Can I do anything to help track down this issue?

I tried loopback, that doesn't suit my testcase, as I can't get stats
out of loopback device.
nilfs/loop works fine most of the time, but becomes sluggish (still
usable) when cleanerd has to do some work.

d.

On 26 May 2011 21:38, Ryusuke Konishi <konishi.ryusuke-Zyj7fXuS5i5L9jVzuh4AOg@public.gmane.org> wrote:
> Hi,
> On Thu, 26 May 2011 13:24:22 -0700, Dima Tisnek wrote:
>> Hi Dexen,
>>
>> you were spot on, protection time was the culprit.
>>
>> while on the subject, I can see many cases where more is written to
>> the disk in 1h than there is free space (my problem was than entire
>> disk, but it's equivalent), are there any plans to collect earlier
>> rather than enfore protection time when running low on disk?
>>
>> now I set cleaner like this (for accelerated testing):
>>
>> protection_period       1
>> min_clean_segments      10%
>> max_clean_segments      90%
>> clean_check_interval    1
>> selection_policy        timestamp       # timestamp in ascend order
>> nsegments_per_clean     10
>> mc_nsegments_per_clean  100
>> cleaning_interval       10
>> mc_cleaning_interval    1
>> retry_interval          10
>> use_mmap
>> log_priority            info
>>
>> I know some settings are ridiculous, do tell me if I did something
>> completely insane :)
>
> The maximum value of nsegments_per_clean and mc_nsegments_per_clean is
> is 32, and it is cut to the value if greater than that.
>
> Setting a large value for these parameters is actually not sane
> because cleaning one segment consumes 8MB kernel memory at maximum.

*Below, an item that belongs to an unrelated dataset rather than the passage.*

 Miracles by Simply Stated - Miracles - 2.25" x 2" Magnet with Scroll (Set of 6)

> Decreasing cleaning intervals is better way.
>
> But, unfortunately cleaner daemon does not handle subsecond value for
> these parameters.
>
>> same test (~150K disk traffic per transaction, 10 transactions a
>> second), eventually system begins to swap and then nilfs2 dies leaving
>> this in dmesg:
>>
>> [66598.373596] nilfs_cleanerd: page allocation failure. order:0, mode:0x50
>> [66598.373596] Pid: 30708, comm: nilfs_cleanerd Tainted: G        W
>> 2.6.38-ARCH #1
>> [66598.373596] Call Trace:
>> [66598.373596]  [<c10c563c>] ? __alloc_pages_nodemask+0x54c/0x750
>> [66598.373596]  [<c10ffab8>] ? mem_cgroup_charge_common+0x68/0xb0
>> [66598.373596]  [<c10bf923>] ? find_or_create_page+0x43/0x90
>> [66598.373596]  [<d2344733>] ? nilfs_grab_buffer+0x33/0xc0 [nilfs2]

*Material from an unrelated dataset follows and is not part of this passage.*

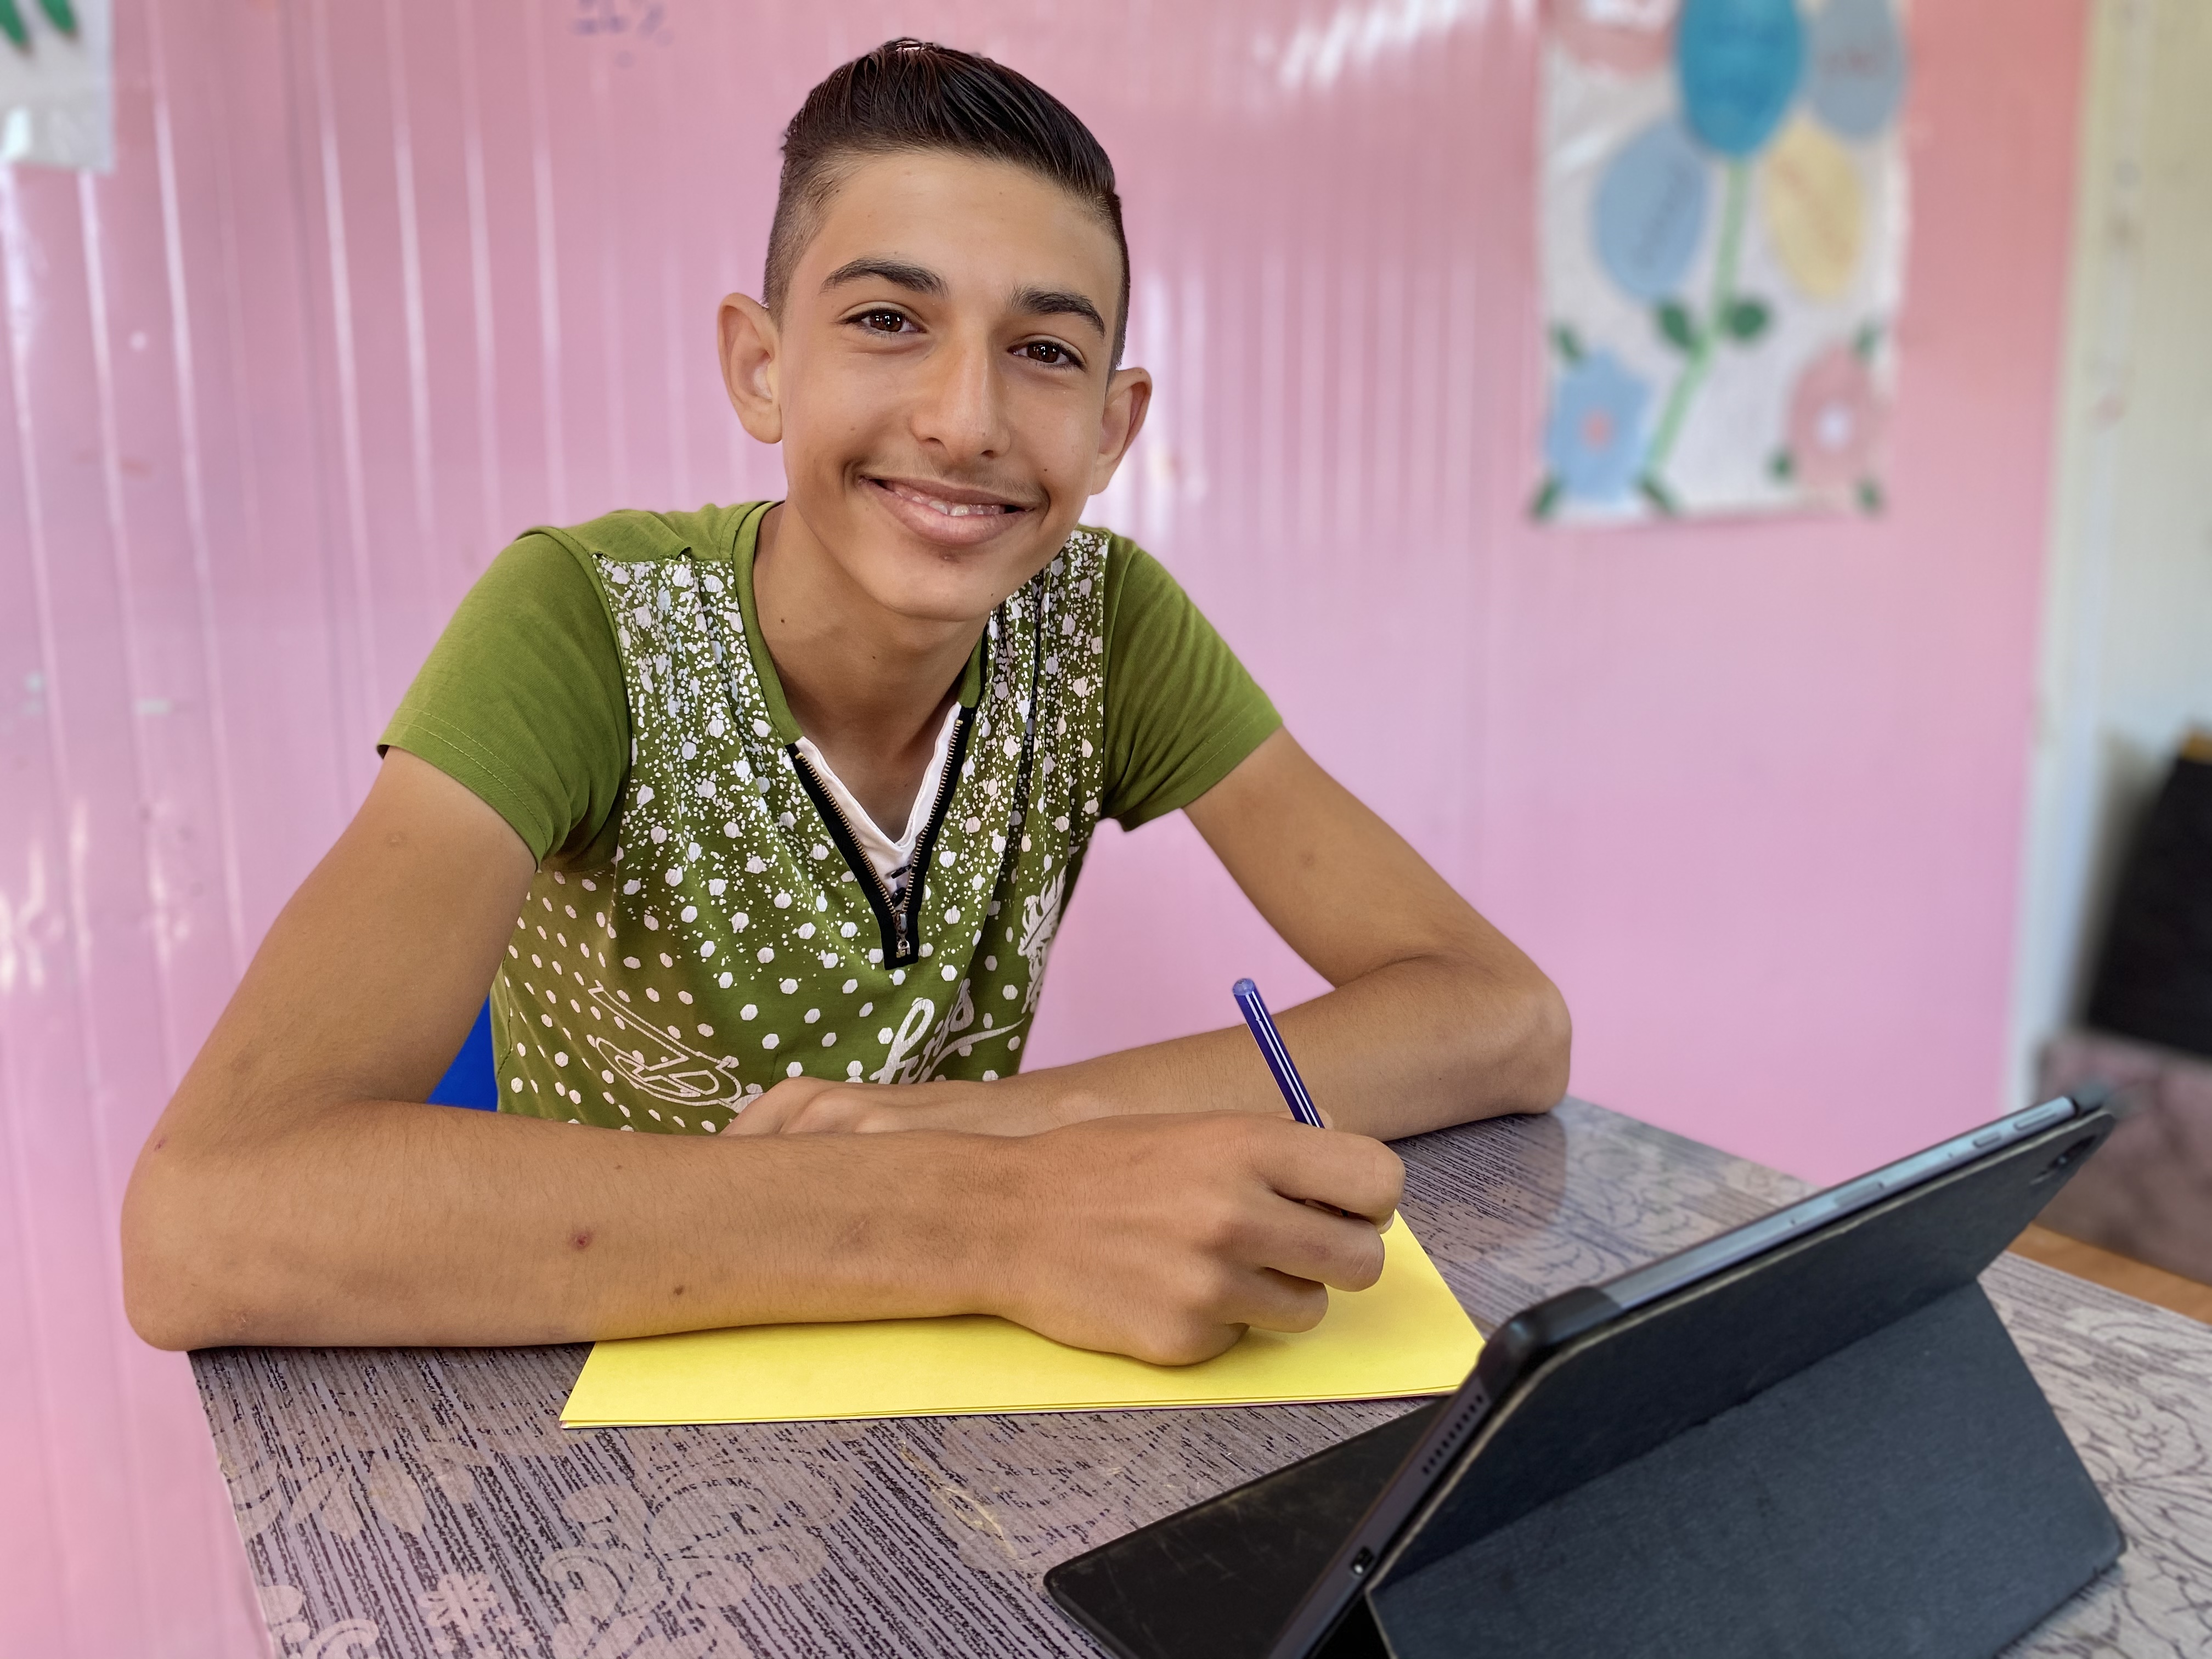 Determined to reimagine a better world: Syrian refugee adolescents’ beliefs in the importance of education

>> [66598.381684] nbd4: Attempted send on closed socket
>> [66598.381684] end_request: I/O error, dev nbd4, sector 461512
>> [66598.394594] nbd4: Attempted send on closed socket
>> [66598.394594] end_request: I/O error, dev nbd4, sector 461760
>> [66598.394594] nbd4: Attempted send on closed socket
>> [66598.394594] end_request: I/O error, dev nbd4, sector 462008
>> [66598.404089]  [<d2357bcc>] ?
>> nilfs_gccache_submit_read_data+0x2c/0x140 [nilfs2]
>> [66598.404089]  [<d2358573>] ?
>> nilfs_ioctl_clean_segments.isra.8+0x2e3/0x7a0 [nilfs2]
>> [66598.404089]  [<d2348d09>] ? nilfs_btree_do_lookup+0x1f9/0x290 [nilfs2]
>> [66598.404089]  [<d2358e36>] ? nilfs_ioctl+0x1f6/0x40c [nilfs2]
>> [66598.404089]  [<c1033b14>] ? finish_task_switch+0x34/0xb0
>> [66598.404089]  [<c13192cd>] ? schedule+0x28d/0x9e0
>> [66598.404089]  [<d2358c40>] ? nilfs_ioctl+0x0/0x40c [nilfs2]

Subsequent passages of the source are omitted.